Keep support history clean. You can use the ability to add an internal note directly to any feedback item, giving context to your team without modifying the public record.
Loop MCP use cases
Investigating a high-value customer's complaint
A support agent needs to know why Sarah returned an item. They ask their AI client, and it pulls up her entire return history using list_feedback, checks for any pending refunds, and identifies if the product she bought is also showing a high return rate across other customers.
Quarterly operations review
The Ops Manager needs to know the biggest cost driver. They prompt their agent to show top return reasons and calculate total refunds processed last quarter, allowing them to present clear, data-backed arguments for logistics changes.
Product team identifying a flaw
The Product Manager wants to know if the new shirt design is bad. They ask their agent to list recurring feedback themes and check the general sentiment metrics, immediately confirming that 'Wrong size' is the dominant complaint.
Handling an exchange request
A customer calls about a damaged item. The support agent uses the MCP to track the product exchange status and confirm if the initial return was processed correctly, guiding the customer through creating the new order immediately.
Loop MCP tradeoffs
What to watch out for, and the recommended way to handle each one.
Treating feedback data like static reports
A user downloads a spreadsheet of 500 comments and spends hours manually tallying up every instance of 'defective' or 'wrong size' to find the main problem.
Use your AI client with this MCP. Ask it to list general feedback, then instruct it to calculate sentiment metrics and identify top return reasons in one prompt. The agent handles the counting.
Ignoring process flow
A support agent only sees the initial return request but can't tell if a refund was actually issued or if an exchange was processed.
Use the MCP to check both list_feedback and then specifically ask for refund history. This confirms whether the transaction is complete, not just initiated.
When to use Loop MCP
Use this MCP when your core business challenge involves connecting customer emotion (sentiment/NPS) directly to physical product logistics (returns/refunds). If you are only focused on collecting survey data without linking it to order status, a pure feedback tool might suffice. But if the issue is 'Why did they return it?' and that reason impacts inventory or refunds, this MCP provides the necessary cross-functional view. Don't use this if your main problem is managing internal knowledge bases; stick to dedicated documentation tools. However, if you need to analyze customer input (e.g., finding themes) AND check the financial outcome of those inputs (refunds), then Loop is exactly what you need.
Frequently asked questions about Loop MCP
How does the Loop MCP help with refund tracking? +
The MCP allows your agent to monitor refunds by accessing specific amounts and processing status. You can quickly confirm if a customer's money has been fully returned or is still pending.
Can I use the Loop MCP to find out why customers are returning things? +
Yes, you can.
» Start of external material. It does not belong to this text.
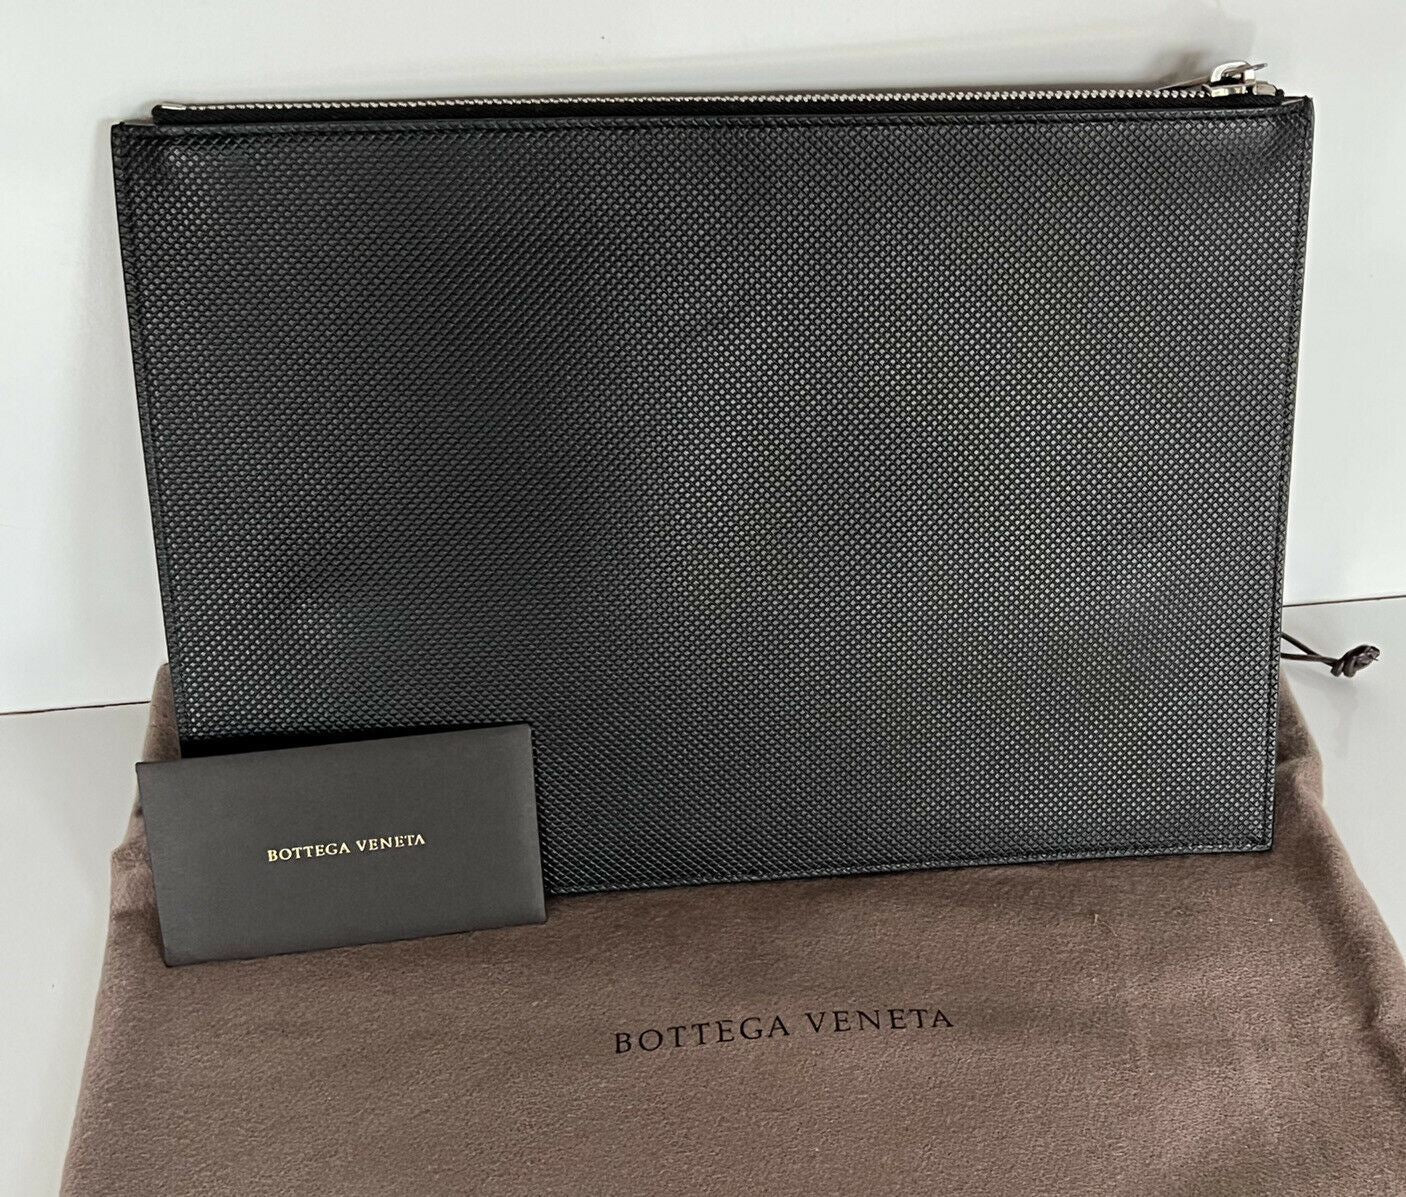 NWT $720 Bottega Veneta Marco Polo Black Leather Large Pouch 578213

The tool provides return analytics and top reasons for returns, giving you quantifiable data on what's driving your product returns.
Does this MCP handle sentiment analysis from surveys? +
It does. You can call get_sentiment_metrics to get an overall numerical score of customer satisfaction across all collected feedback sources.
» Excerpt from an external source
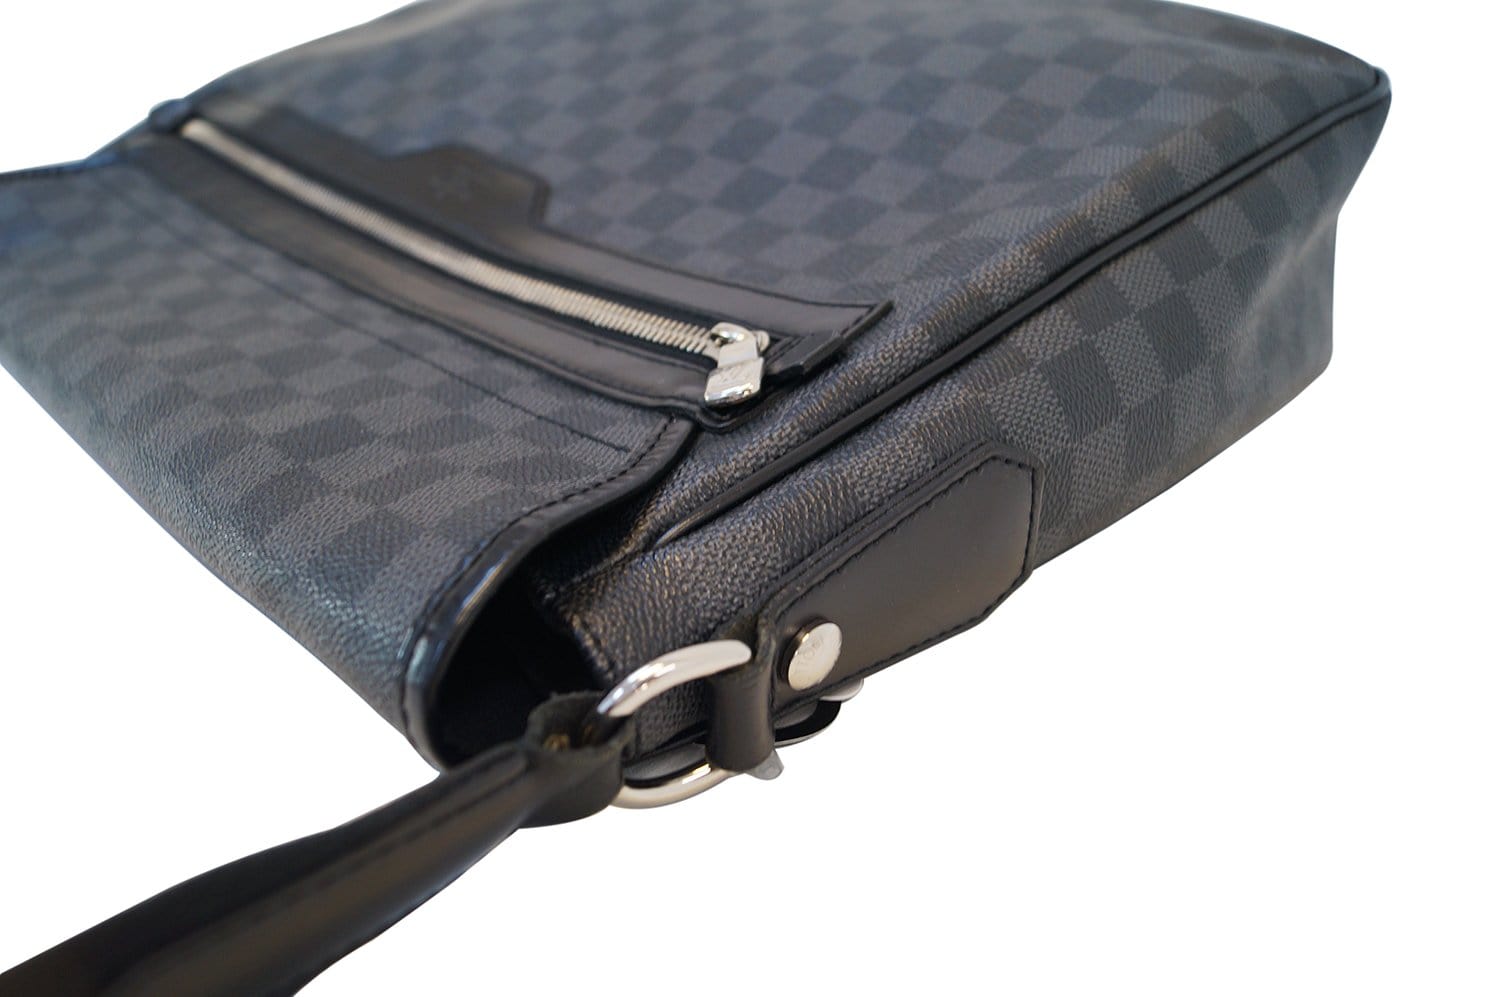 Louis Vuitton Damier Graphite Daniel Messenger Bag Black Cloth ref

What is the difference between listing feedback and getting details? +
Listing feedback shows you a summary view of multiple submissions. Getting feedback details pulls every single piece of information for just one specific item, giving deep context.
How do I track exchanges using the Loop MCP? +
The MCP enables tracking product exchanges and can even help with creating new orders based on those exchange records, streamlining the fulfillment process.